STA441 Assignment 8

Quiz in Tutorial on Friday March 15th



  1. In Question 2 of Assignment 7, your analysis of the exploratory Diversity data pointed to four predictors of job satisfaction: relations with colleagues at work, relations with magnagement, fair opportunities for advancement, and visible minority status. Your analyses for this question will be based on a model with just these four explanatory variables.
    1. Use the exploratory data to produce a 95% prediction interval for each employee in the replication sample. The value of R2 for the exploratory sample should be 0.4374, as in Assignment 7.
      1. Using proc print, display just the first ten cases in the replication sample, for the following variables:
        • id (should be 501-510)
        • The four predictors
        • Job satisfaction
        • Predicted job satisfaction
        • Lower 95% prediction limit
        • Upper 95% prediction limit
        Just display the first 10 cases. Do you really want to bring printout of 500 data lines to the quiz?! There is an example of how to do this in the regression on the cars data (SAS Example 5).
    2. Using a calculator and your results from the regression, be able to reproduce predicted job satisfaction for one of the first ten cases.
    3. Find the percentage of observations in the replication sample that fall within the prediction interval. Don't bother with the percentage for the exploratory sample. I used proc freq.
  2. This question uses data from the Toronto Raptors' 2006-2007 season. For each regular season and playoff game, the following variables were recorded: The data are available in the file Raptors06-07.data.txt.

    The response variable will be point spread, defined as Raptors' score minus opponents' score. The explanatory variables will be Opponents' won-lost record, Home vs Away game, Days since last game, and a binary variable that equals one if the game was on a weekend, and zero if on a weekday.

    Here a few hints and reminders intended to make it easier for you to read and process the data.

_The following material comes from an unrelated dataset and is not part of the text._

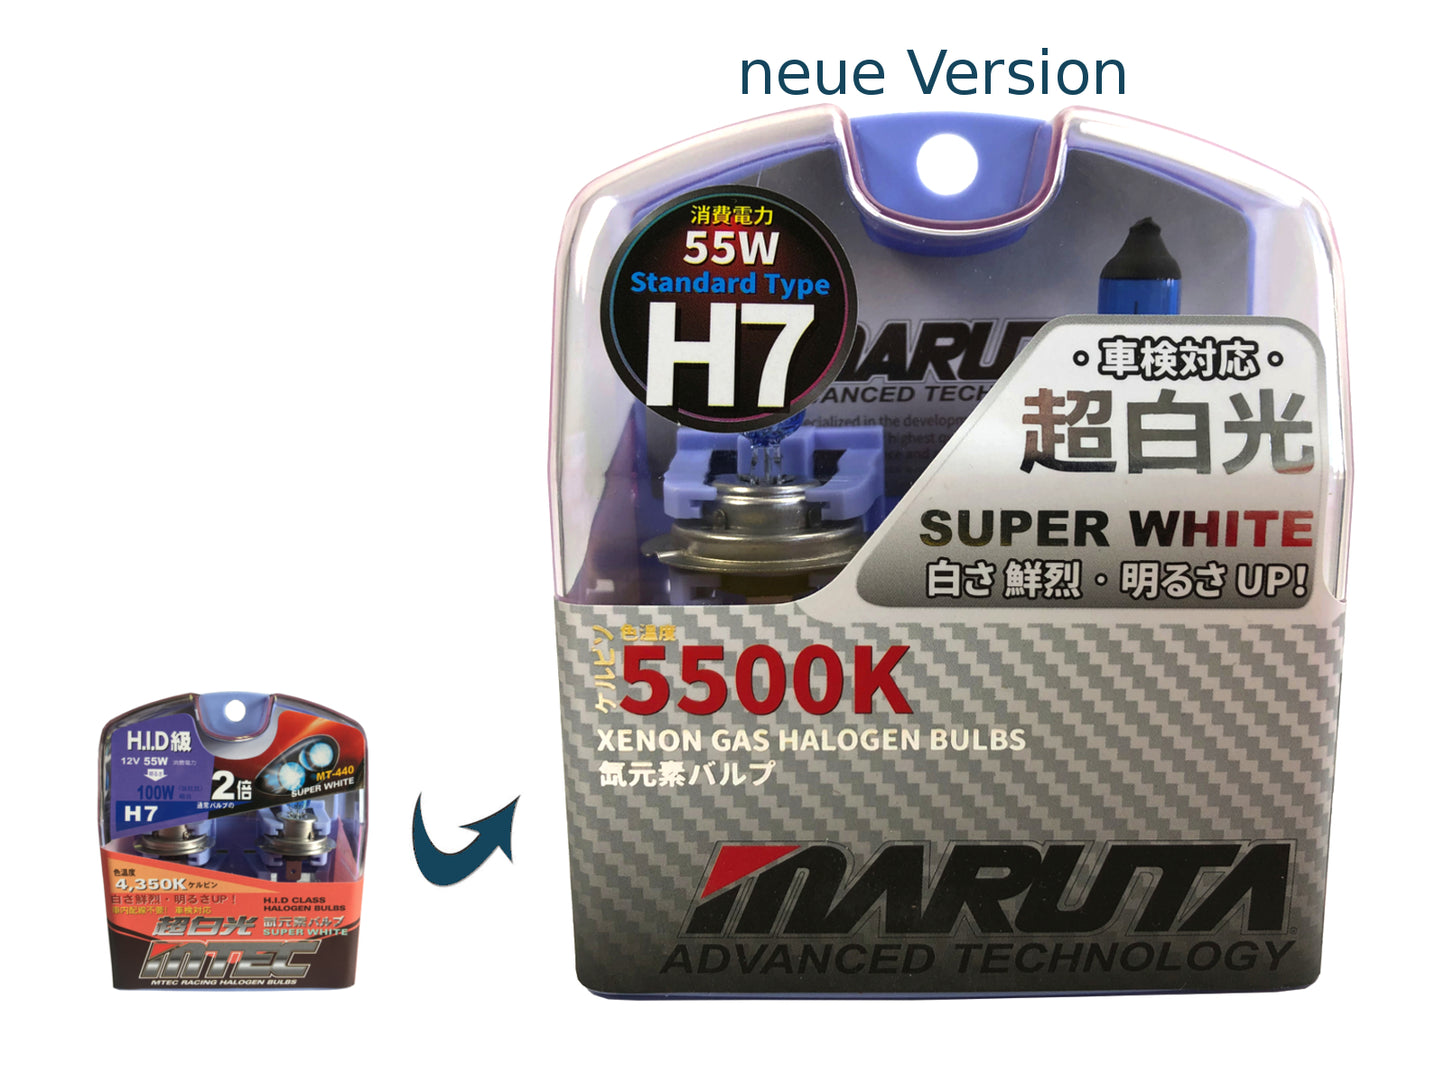 MARUTA SUPER WHITE H7 12V 55W Halogenlampe für Scheinwerfer

    An ordinary regression on these data lacks credibility, because it's obviously a time series and the assumption of independent random sampling (which means no sequential association between observations) is implausible without further evidence. So please follow these steps:

    1. Start with an ordinary least squares (OLS) regression using proc reg, with the explanatory and response variables given above. Request the Durbin-Watson statistic and associated p-value. What is the estimated first-order auto-corrrelation of the residuals? The answer is a number.
    2. P = 0.0595 is not quite evidence for autocorrelation, but it's not a completely clean bill of health either. Fit a first-order autoregressive model with proc autoreg.
      1. Are the beta-hat values different when you fit the first-order autoregressive model? Do the conclusions change (using the 0.05 significance level)?
      2. Two of the time series plots indicate that the first-order autoregressive model is okay. Which ones?
      3. Based on the first-order autoregressive model, when the Raptors played at home it was worth an estimated ______ points.
      4. Did they do better when they played on the weekend, or worse?
    3. It's probably not necessary, but fit an AR(6) model (a model with 6 autoregressive parameters). Is there evidence of higher-order autocorrelation? Was the ordinary regression acceptable for these time series data?

 


Bring both log files and both sets of output to the quiz. A calculator might be useful too.